Nissan Uses Compressed Air to Achieve Energy Savings
Nissan North America operates on a massive scale. The company’s powertrain assembly plant in Decherd, Tennessee, alone encompasses 1.1 million square feet, and manufactures engines for 14 different vehicles. The facility also handles crankshaft forgings, cylinder block castings, and other machining applications.
Over the course of one year, the powertrain plant churns out approximately 1.4 million engines, an equal number of crankshaft forgings, and 456,000 cylinder block castings.
If you extrapolate that scale of operation to Nissan’s ten other locations across North America, you can get a grasp of just how big the company’s manufacturing presence really is. And, when you start talking about energy management, any one project can become a major undertaking involving a large number of people. Those projects also have a tremendous impact — both financially and environmentally.
Nissan’s formal energy management program is called the Nissan Green Program, and it has helped Nissan earn recognition as an ENERGY STAR® Partner of the Year from the U.S. Environmental Protection Agency (EPA) every year since 2010.
Compressed air projects play a huge part in Nissan’s energy management program — especially when you consider that compressed air accounts for more than one fifth of the powertrain plant’s total energy spend. We had the opportunity to learn about the Nissan Green Program from one of the company’s key professionals in energy management, Mike Clemmer, Director/Plant Manager — Paint & Plastics at Nissan North America. Specifically, Clemmer discussed Nissan’s energy management strategy as it pertains to compressed air, detailing specific optimization projects that led to substantial energy savings.
Managing Compressed Air at Nissan
Compressed air is an integral part of Nissan’s operations, and is used for a wide range of applications. Compressed air piping networks run throughout the company’s manufacturing facilities, and the energy management team places a lot of emphasis on finding and repairing air leaks.
Compressed air is a vital part of the manufacturing operations at Nissan’s vehicle assembly plant in Canton, Mississippi.
Nissan uses compressed air in a wide variety of applications, including spray finishing.
“Compressed air is essential to any manufacturing process, particularly in the automotive industry, and it accounts for about 23 percent of total energy costs at our powertrain facility,” Clemmer explained. “With that in mind, we have two full-time workers in each of our manufacturing facilities — vehicle assembly plants in Smyrna, Tennessee, and Canton, Mississippi, and the powertrain plant in Decherd, Tennessee — dedicated to identifying and repairing air leaks. By regularly checking the meters, conducting leak checks and repairs, and performing audits, the energy team aims to achieve a compressed air leak rate of less than 10 percent of compressor output.”
Nissan employs full-time personnel dedicated to identifying and repairing air leaks at each manufacturing facility.
By vigilantly repairing compressed air leaks, Nissan aims to achieve a leak rate of less than 10 percent of compressor output.
Optimizing Air Compressor Controls to Match Demand
Controlling air compressor performance is another focus area for the energy team at Nissan.

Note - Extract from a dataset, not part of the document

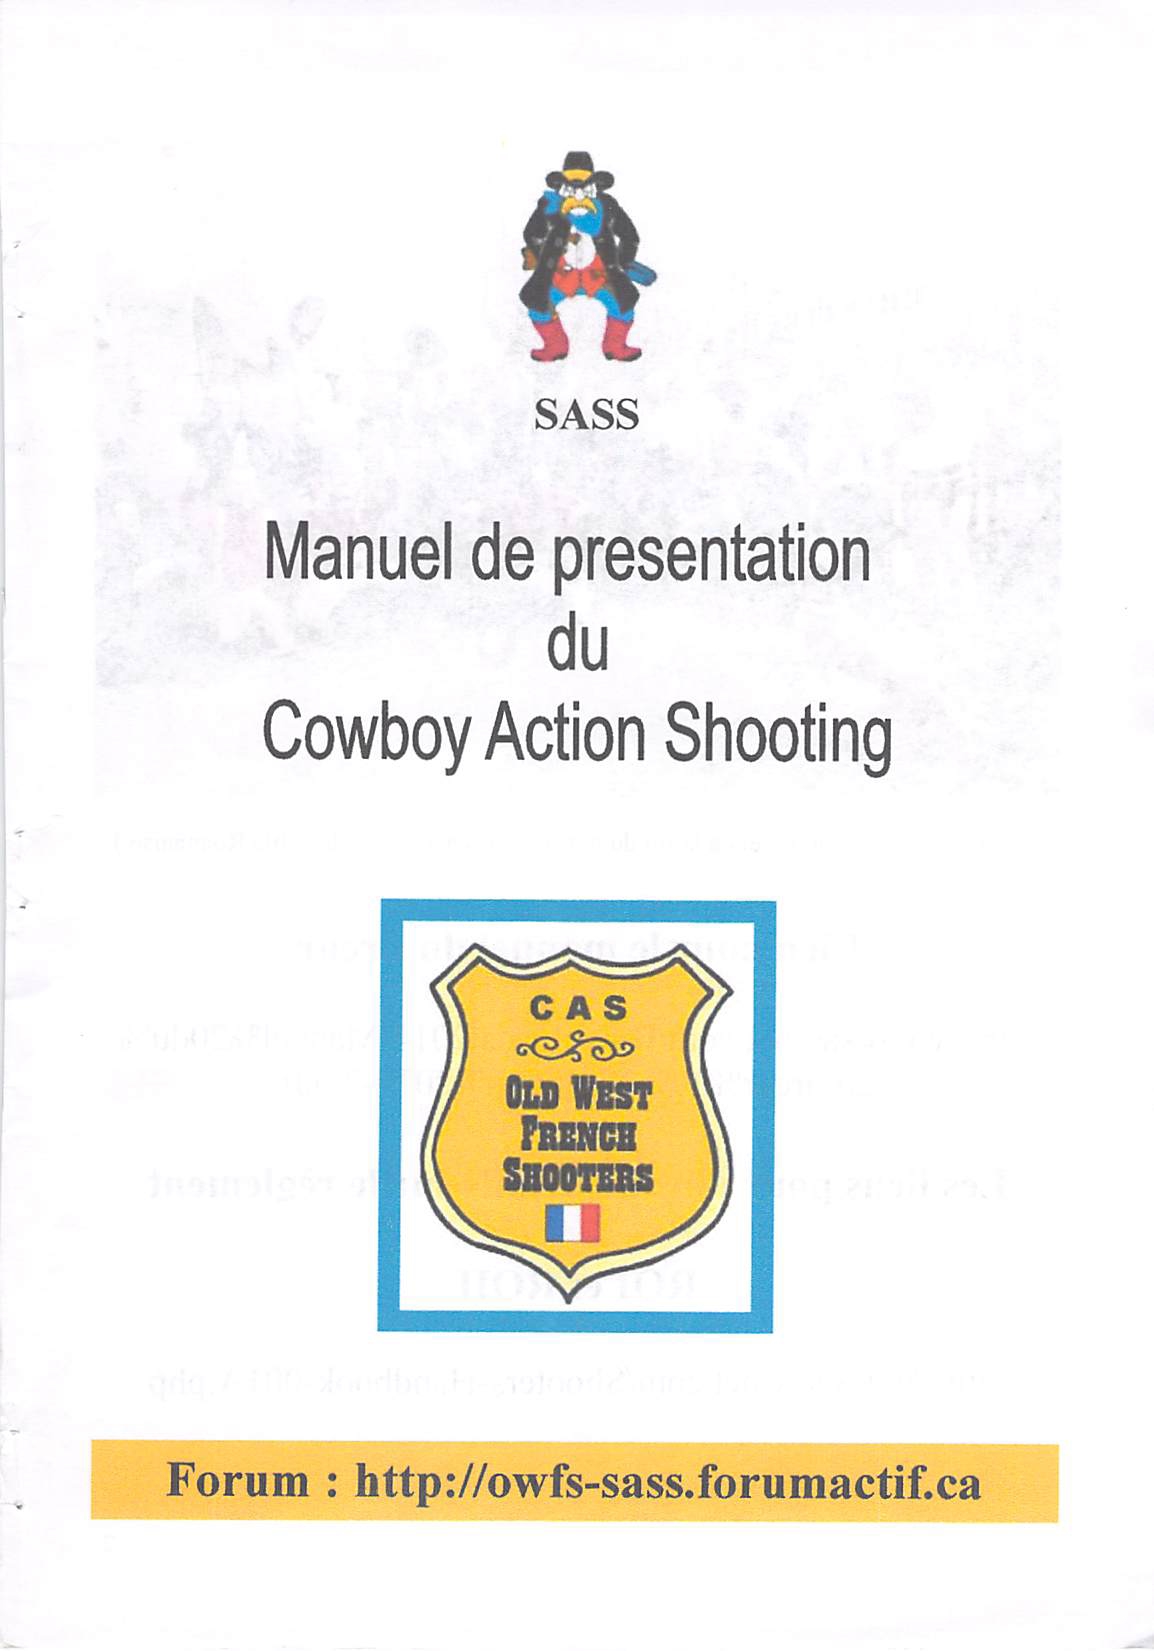 CAS manuel de presentation SASS0001

In one of the projects that Clemmer described, engineers at Nissan centralized their compressed air monitoring system, giving them better insight into how the plant uses its compressed air supply.
“We have simplified the monitoring process by tying the air compressors in several of our manufacturing facilities into a central computer that monitors the system pressure and handles the loading/unloading of the machines,” Clemmer explained. “This has reduced the run-time of our machines to support our manufacturing operations, and it reduced motor starts, which led to improved stability of pressure in our plants.”
In addition, Nissan’s engineers are leveraging inlet guide vanes to better match plant demand with their centrifugal compressors.
“We are also optimizing the control sequence to further reduce unloaded compressed air though the bypass valve,” Clemmer said. “Our manufacturing sites operate multiple centrifugal compressors, and they are equipped with inlet guide vanes. By operating multiple inlet guide vanes in sequence, we are able to throttle our compressed air supply to meet plant demand. We’ve managed to almost entirely eliminate bypassed air with this system.”
Curbing Compressed Air Use
Compressed air is an essential resource for the manufacturing facilities of Nissan North America — to the extent that it is almost ubiquitous. The vehicle assembly plant in Canton, Mississippi, is capable of producing 450,000 vehicles in one year, and it employs more than 6,000 people. At that scale, there is a lot of potential for compressed air waste.
Nissan’s Vehicle Assembly Plant in Canton, Mississippi, produces 10 different vehicle models and spans 1,034 acres.
An inside look at Nissan North America’s assembly plant in Canton, Mississippi
However, two of those employees are exclusively dedicated to diagnosing and repairing compressed air leaks throughout the facility’s 4.2 million square feet. That is the kind of concerted effort needed to maintain energy savings through compressed air management.
Nissan North America’s compressed air optimization projects are just a few of the many energy management initiatives that help Nissan to operate more sustainably. But, when their cumulative impact is measured across the massive scale of operations, even curbing the slightest amount of compressed air makes a major impact.